Xin Wang, Shuai Xu, Zhen Ye, Chao-Zheng Zhou and Jing Qin propose a prior information-based variational model for automatic hip joint segmentation and 3D reconstruction. They modify the segmentation and 3D reconstruction problems to find the optimal solution of evolution equations. To solve the topology problem, the optimal edge of the model is represented as its level set. Then, they obtain prior features by automatic sample selection and a discriminative function by training these selected samples, and integrate this prior information into the variational level set model.
Yi-Ying Zhang, Chao-Min Shen, Hao Feng, Preston Thomas Fletcher and Gui-Xu Zhang use generative adversarial networks (GANs) with joint distribution moment matching (JDMM) to generate images. This topic is significant as data generating is a way for solving the problem of lacking labeled data in few-shot learning. Their JDMM-GAN matches the joint distribution based on the maximum mean discrepancy, which minimizes the differences of both the marginal and conditional distributions. The learning procedure is iteratively conducted by the stochastic gradient descent and back-propagation.

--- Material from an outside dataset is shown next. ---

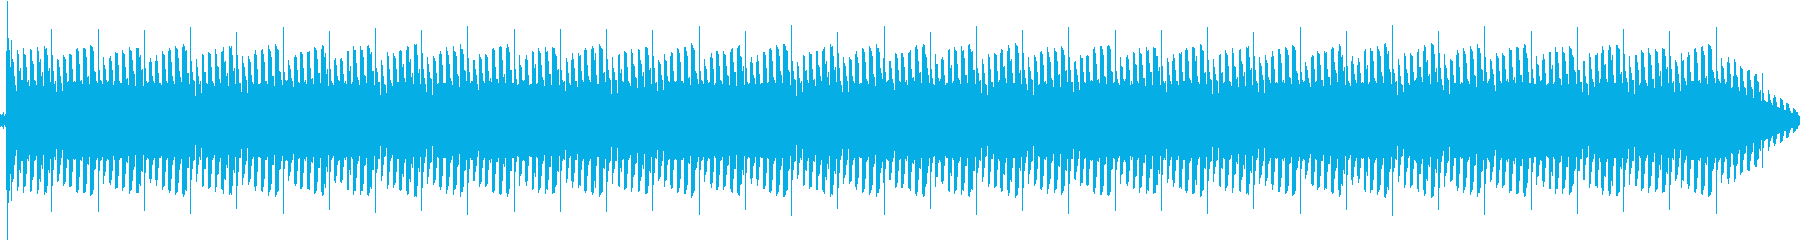 トーンリングバードループの再生済みの波形

Zhi-Hong He and Mei Lu explain the super-edge-connectivity and zeroth-order Randić index. They present two sufficient conditions for graphs and triangle-free graphs to be super-edge-connected in terms of the zeroth-order Randić index, respectively.
Zhe Yang and Qing-Bin Gong prove the existence of weakly cooperative equilibria for infinite-leader-infinite-follower games. They first generalize Yang and Ju’s (J Glob Optim 65:563–573, 2016) result in Hausdorff topological vector spaces, and then present the model of leader–follower games with infinitely many leaders and followers. Finally, they provide a proof of the existence result.
We hope that this issue can capture readers’ attention on the optimization models and algorithms in AI, especially in the combination of model-driven and data-driven methods.
All papers in this special issue have been peer-reviewed to meet the high standard of the journal. We wish to express our gratitude to all authors for their significant contribution to this issue. Their quick response and timely revisions are highly appreciated. We acknowledge all reviewers for their thoughtful comments as well.